I have the following integral
$$ f(r)=\int_{0}^{\infty}\frac{\exp(-Ak^{2})}{k}\,\sin(kr)\,\mathrm{d}k $$
with $A>0$ and $r>0$. I know from Wolfram that the result should be
$$ f(r)=\frac{\pi}{2}\text{erf} \left (\frac{r}{2\sqrt{A}} \right) $$
The problem is I have no clue how to obtain this result. I would be very curious how to do this by myself. I know that this is a sine transform, and I should be able to use a similar way like shown here Fourier transform of the error function, erf (x). But already when introducing the sgn function I get lost. Any hints are appreciated.

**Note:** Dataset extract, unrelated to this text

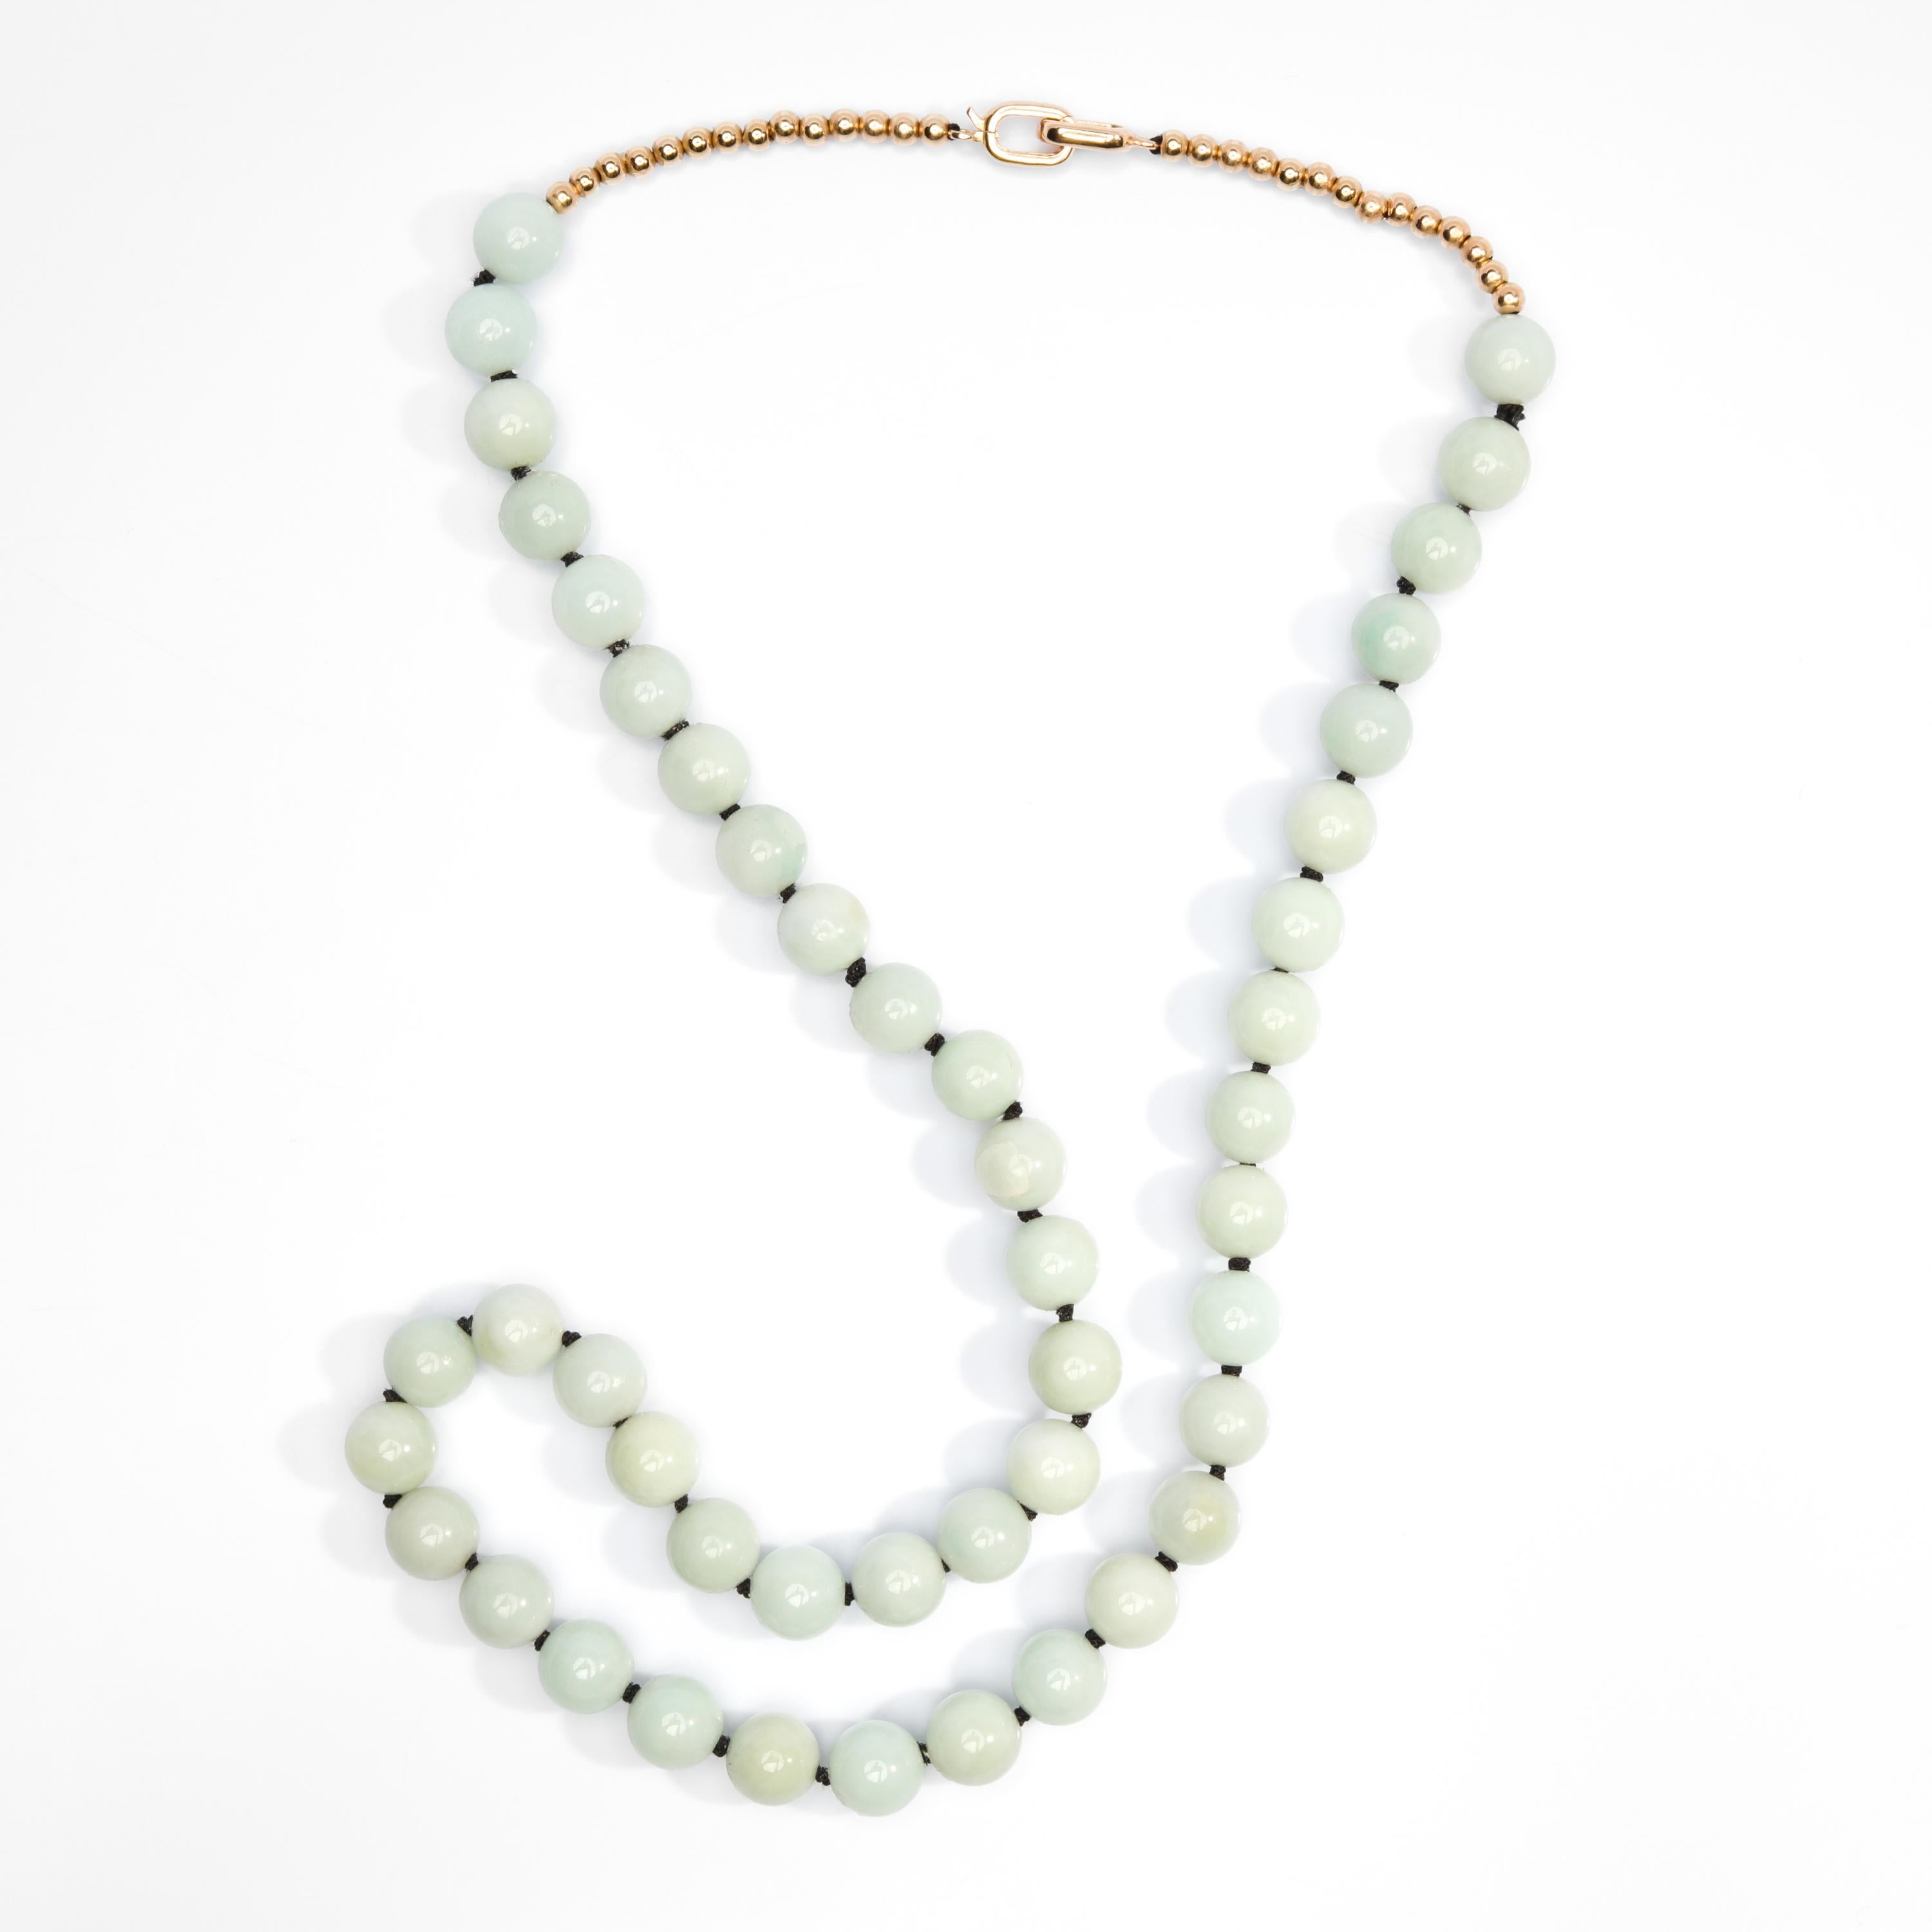 Composed of 46 natural, untreated opaque Burmese jadeite jade beads in a soft bluish-green, this beautiful and understated necklace serves as

Hint. By setting $$ I(r):=\int_{0}^{\infty}\frac{e^{-Ak^{2}}}{k}\sin(kr)dk,\qquad A>0,\,r>0, $$one is allowed to differentiate under the integral sign with respect to $r$ to get $$ I'(r)=\int_{0}^{\infty}e^{-Ak^{2}}\cos(kr)dk,\qquad A>0,\,r>0, $$ that is $$ I'(r)=\frac12\sqrt{\frac{\pi}A}e^{\large-\frac{r^2}{4A}},\qquad A>0,\,r>0, $$ giving $$ I(r)=\frac{\pi}{2}\text{erf} \left (\frac{r}{2\sqrt{A}} \right),\qquad A>0,\,r>0. $$